Search code examples
mysqlpostgresqldatabase-designentity-attribute-value

Should I place EAV values in a datatype table?


I am designing a database for entities like stores, products, customers, suppliers and warehouses. The database will be used as an online transactional system in different physical stores.

In my case all the attributes of stores, customers, suppliers and warehouses can be defined as columns because they won't change much over time. However the products have an unlimited amount of attributes so I would like to put this data in an EAV model.

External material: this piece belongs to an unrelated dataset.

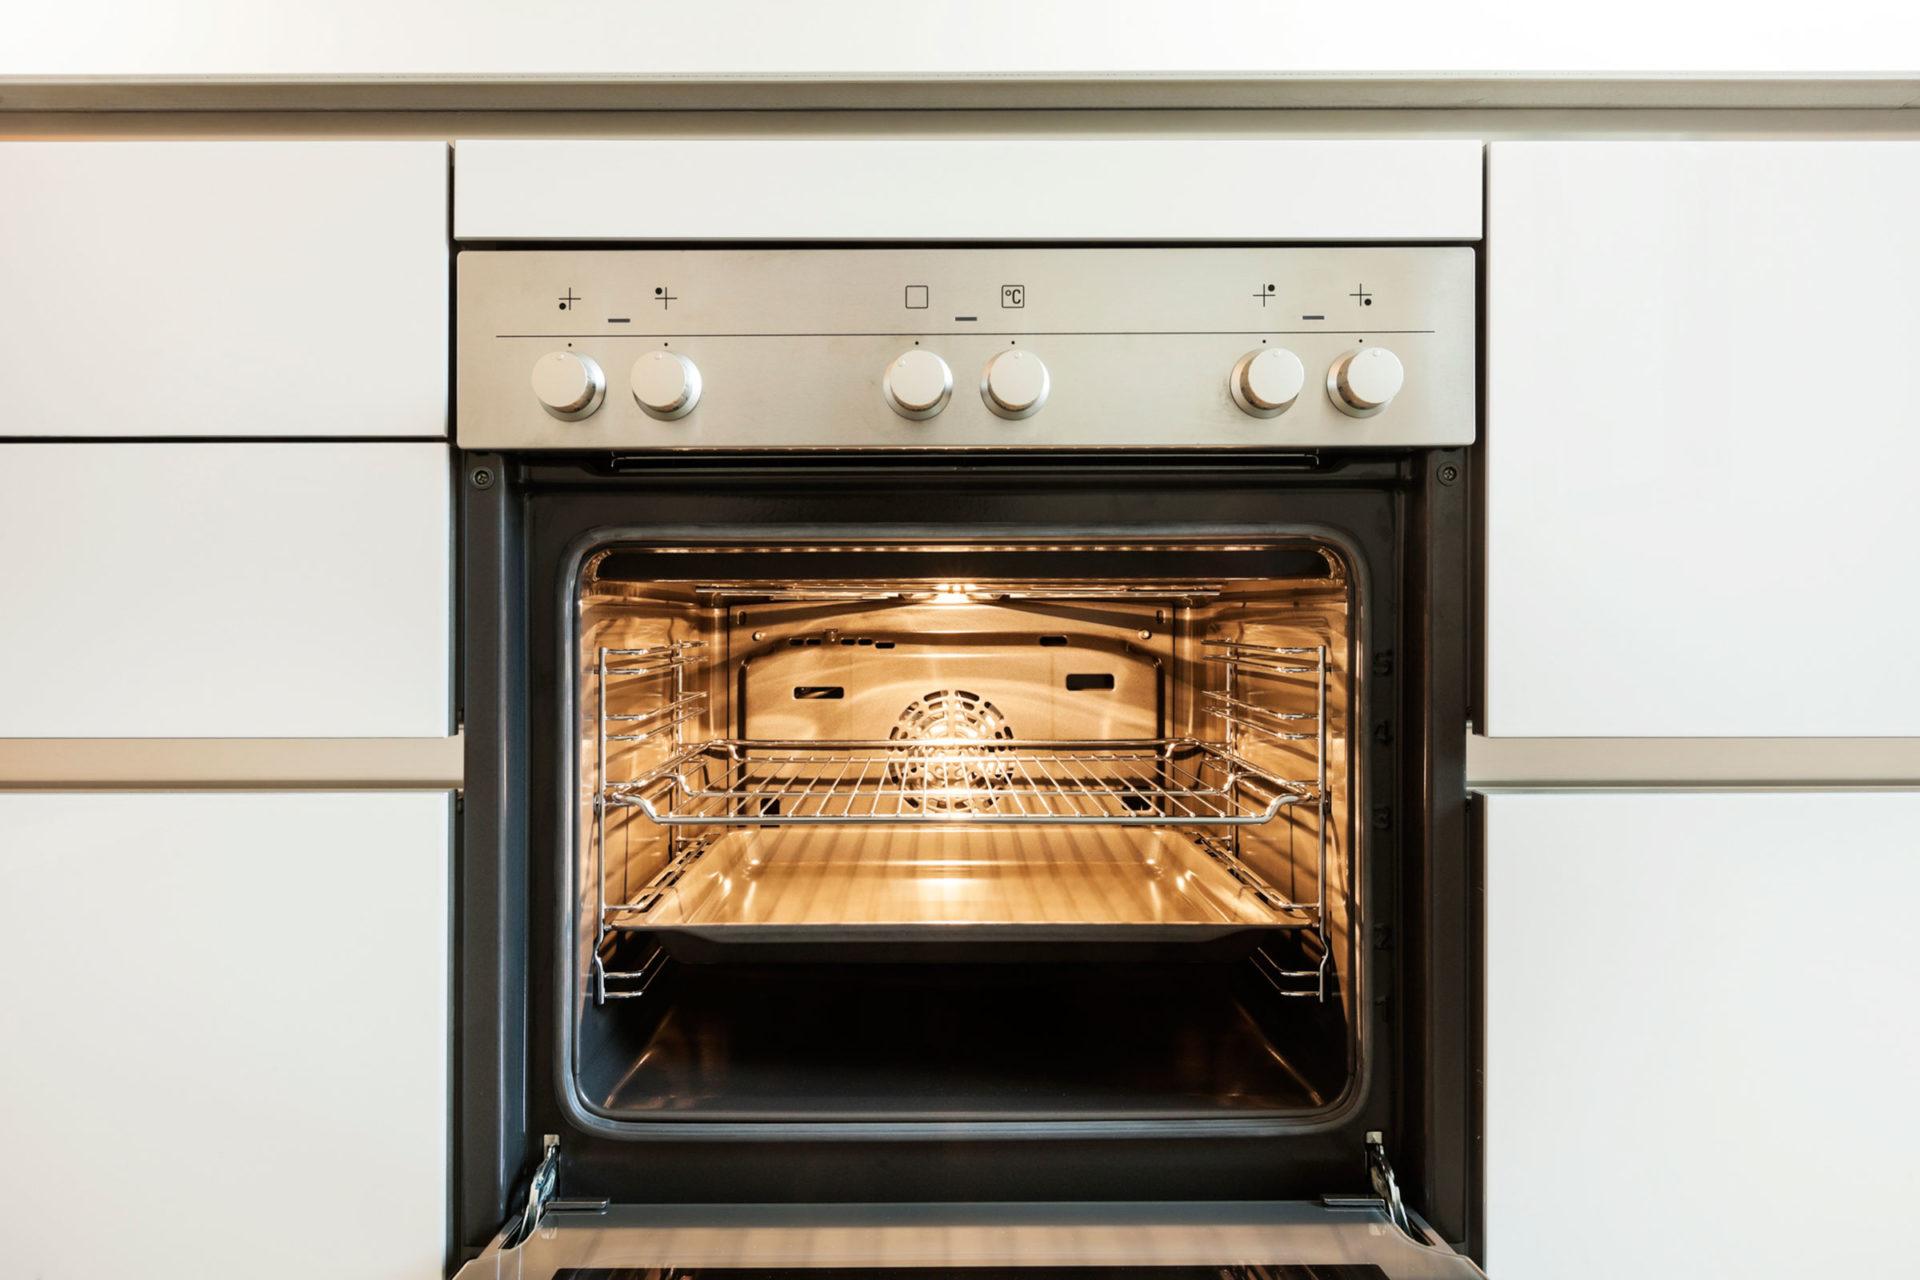 Ketahui beda oven tangkring listrik gas sebelum beli resepkoki mengenal oven tangkring listrik dan gas ccuart Gallery

Can anybody point out if the values should be put in their own datatype-specific table (such as attribute_values_int, or as columns in the generic attribute_value table? Because of performance reasons Magento has chosen datatype-specific value tables. See: http://blog.magestore.com/2012/03/23/magento-certificate-eav-model-concepts

Thanks.


Solution

  • Frankly, the best option is "not EAV". Look into using hstore fields, XML, or json.

    In PostgreSQL there is no performance advantage to using per-datatype tables. NULL values are stored in a compact NULL bitmap, so it makes very little difference whether you have a tuple like (NULL, NULL, NULL, 42, NULL, NULL) or just (42).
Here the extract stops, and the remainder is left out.